Generic drugs can cost half of their identical brand-name "parents," and insurers, employers, and patients credit them with savings billions in health costs each year. The copies are made by mimicking chemical active ingredients in a laboratory.

But biologics contain active molecules far larger and more complex than those in existing generics. Those molecules can’t be precisely copied synthetically, and brand-name drugmakers closely guard information about the delicate and complicated biological reactions needed to produce them biologically.

Brand-name drugmakers maintain that the uncertainty makes generic biologics inherently unreliable and potentially unsafe. They want Congress to bar biologic generics from FDA rules that let drug companies make them without putting them through expensive human clinical studies.

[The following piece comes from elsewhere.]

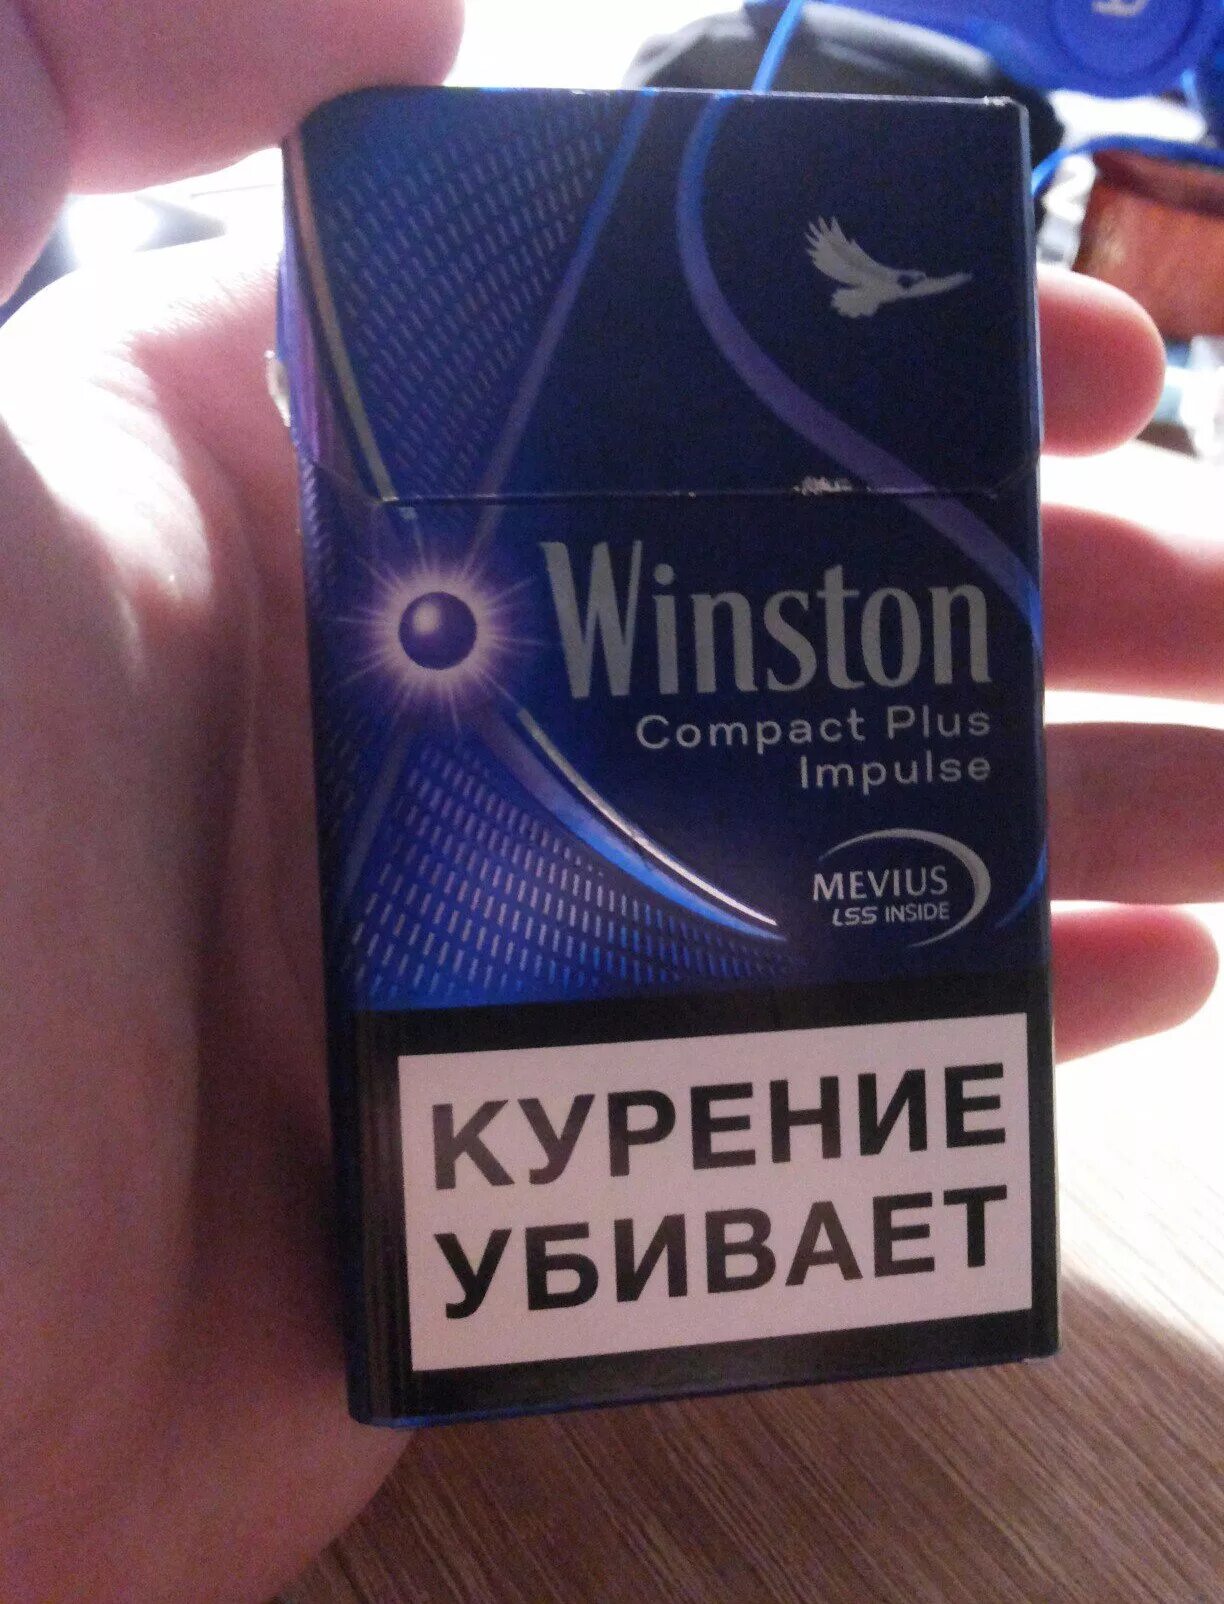 Сигареты Винстон тонкие с кнопкой. Сигареты Winston Compact с кнопкой. Сигареты Winston xstyle Duo. Winston xstyle Compact с кнопкой. Винстон компакт фиолетовый

"[Generic] biologics can be shown to be similar, but never identical, to an innovator," said Jay P. Siegel, MD, president of biotechnology, immunology, and oncology research and development at Johnson & Johnson, one of the world’s largest manufacturers of biologics.

"You can’t just take a molecule that has never been in people ... then all of the sudden market it to thousands of people. It’s too risky," he said.

Generic Companies: We Can Do It

Generic manufacturers, meanwhile, say technology now allows them to backtrack from a biologic’s ingredients and closely approximate its molecular structure. They accuse brand-name companies of stonewalling for fear of losing billions in revenues.

"The science is here and has been for over a decade," said Ajaz S. Hussain, vice president for biopharmaceutical development at Sandoz, a generic company owned by Novartis.